I found the MPL team through friends in the startup world, many of whom were ex YC founders


It's pretty wild to think they had to go to the opposite coast to source a node/mysql/nginx solution. I know people who were doing such things much closer to DC. Granted, we are lower profile and maybe less pre-certified as "sure things". I wonder if borrowing Googlers is the government tech fire fighting equivalent of "nobody ever got fired for choosing IBM"?


> I wonder if borrowing Googlers is the government tech fire fighting equivalent of "nobody ever got fired for choosing IBM"?

probably. Reasonably high chance of getting the smarts you need, plus you borrow a name.


Exactly, some person somewhere who was involved in the traditional process of government software contracting, decided to go rogue.


The site can only be considered a success compared to what it replaced. It is still slow, the workflow is confusing and this past enrollment period actually being able to login was still an issue.


the original healthcare.gov was made using SCRUM. SCRUM fails by design on projects involving more than one team with dependencies between them, and the result in such cases is usually complete devastation like the original healthcare.gov. There is no surprise that the [small] "team of young people" were able to incrementally build a [simple] webapp and an app using SCRUM - that is the sweetspot of SCRUM, pretty much the only situation where it doesn't screws things.

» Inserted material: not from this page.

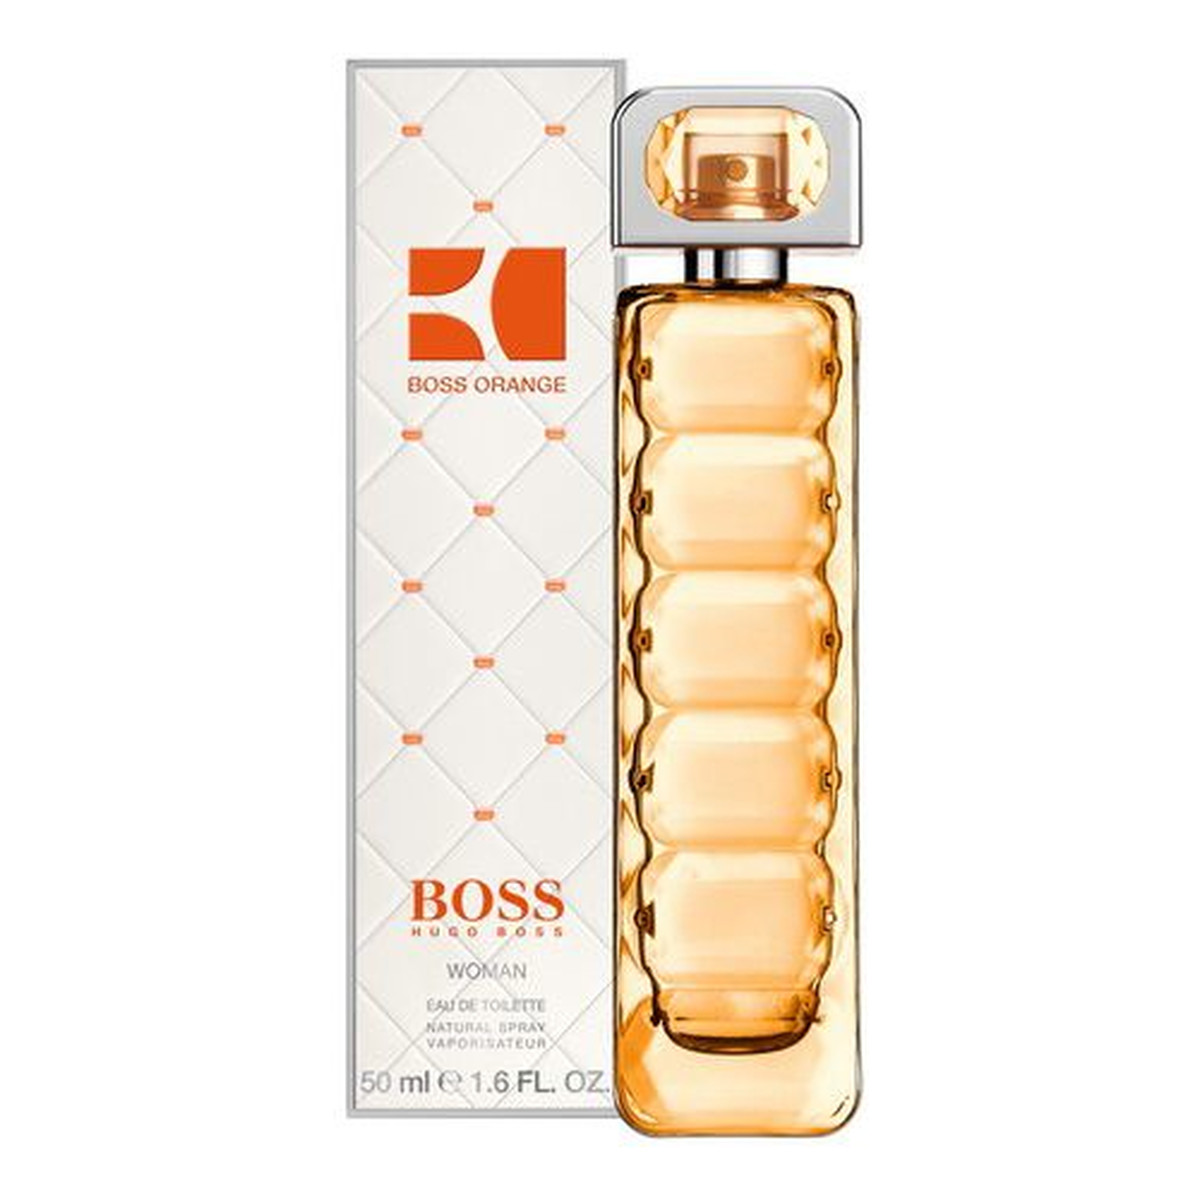 Hugo Boss Boss Orange Woman Woda toaletowa spray dla kobiet 50ml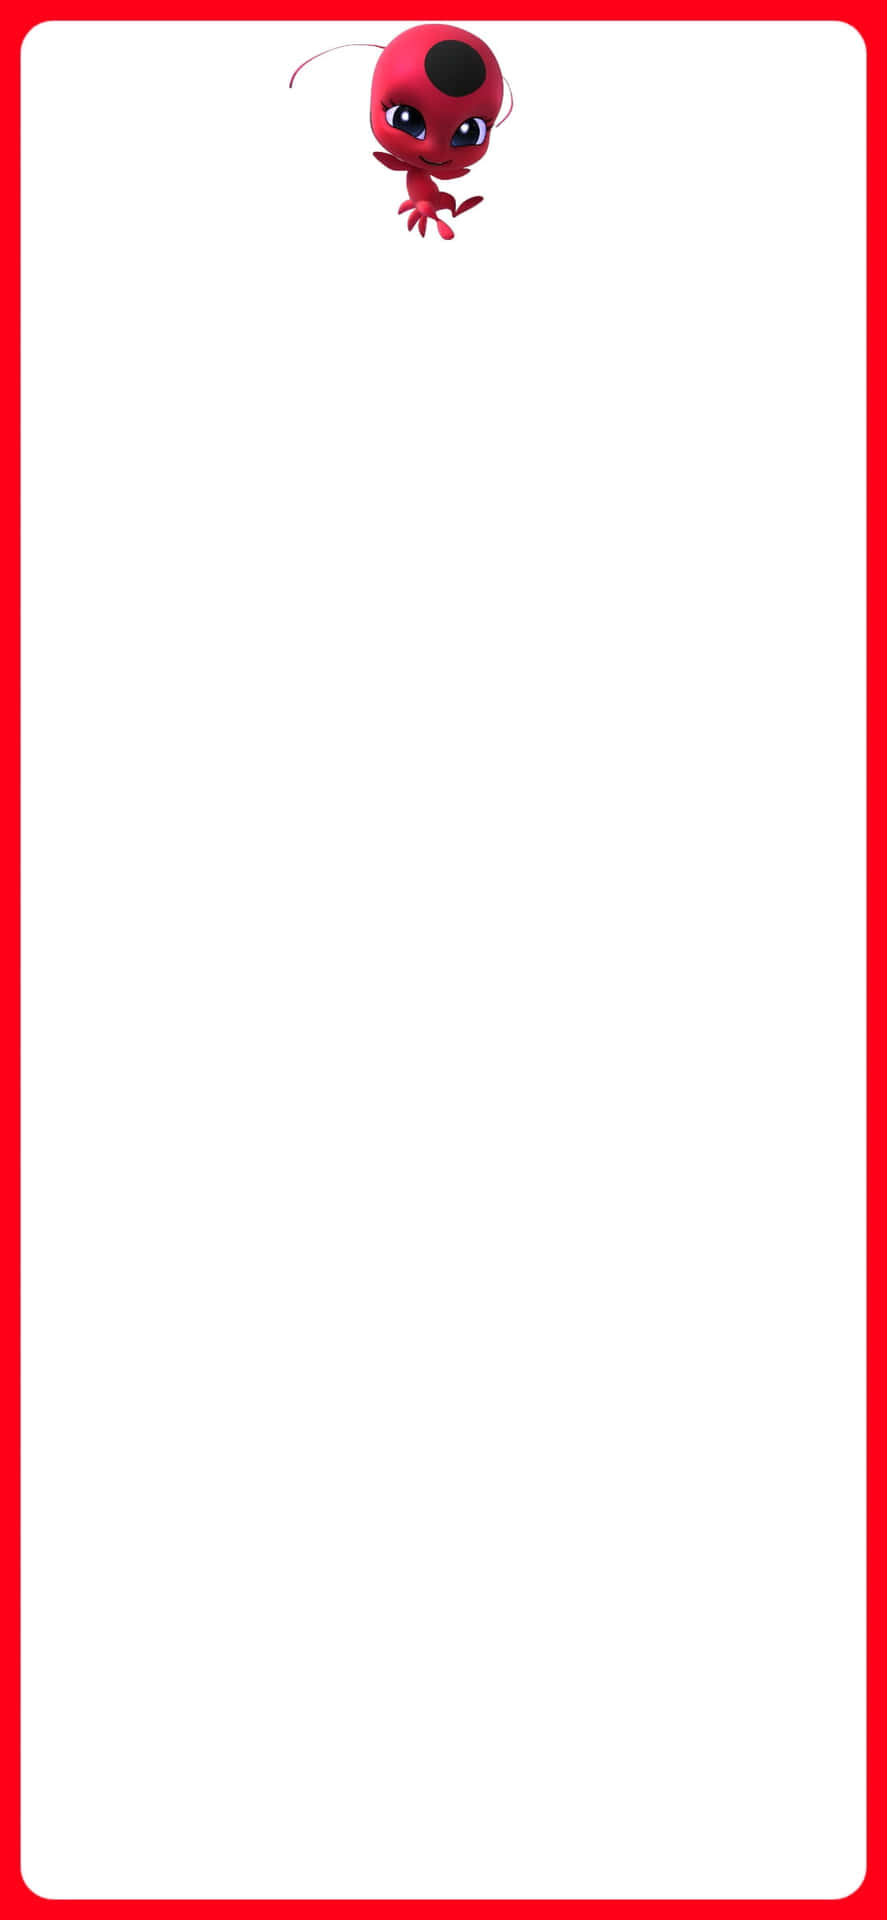 En rød og hvid ramme med en rød og hvid monster. Wallpaper

Interesting, does anybody know how or if this relates to 18F? Is there a correlation? I ask because there is currently another post on HN today about 18F.


Half way into the article and still no mention of what the back end was like. Sigh. Also I wonder why they weren't allowed to use AWS.


node/MySQL/nginx for both app2 and SLS. both are on AWS -- the first federal govt systems to use them. Even with the urgency, needed to wait almost a year for them to be approved, mostly around security concerns.


I'd have serious problems if my healthcare information was processed and stored on servers controlled by a company like Amazon.


Given that AWS is HIPAA compliant and you can use most database products for PHI (https://aws.amazon.com/compliance/hipaa-compliance/), the likelihood is that you're going to see both public and private healthcare information moving into AWS (or Azure or GCE), if its not already there.

But what about Amazon makes you not want healthcare organizations to use it?


So, is it that you don't get how encryption works, or you think Amazon can access that data somehow?


If I ran servers which processed temporarily-plaintext health care information, and I couldn't snoop on it even with effort, I'd be ashamed of my poor skill at villainy. Encryption is not all-powerful.


"cloud" can be a scary topic, because it implies a loss of control and accountability.


I saw Mikey Dickerson talk about his experience in the initial recovery phase of healthcare.gov at Velocity in 2014. I think it shows just how insane the situation was.

https://www.youtube.com/watch?v=7Vc8sxhy2I4


101 comments into discussion and no one mentioned CGI? the actual morons that fucked up the project and wasted 100's of millions of taxpayers' money? how many times should they piss in our face till we actually start noticing things?


I mentioned CGI..


'Young people' are so cute when they're productive. Who knew?


But... entitled millenials...


I'm a member of the Marketplace Lite team, and of the resulting public benefit corporation, Nava. I'm happy to answer any questions!


Do you think the success was caused by the team being young? Or just building what the customer, i.e. the people really needed in an agile way?


I think a key factor for our success was in being a small team, using a modern technology stack, and building in an agile way. I think the article overemphasizes the youth of the team. While many of us were quite young, our team included individuals in their 40s and 50s. I think the skew towards youth is more a byproduct of the risk profile of the project, and the need for us to spend significant time in Baltimore/DC.


After how many millions was given away though?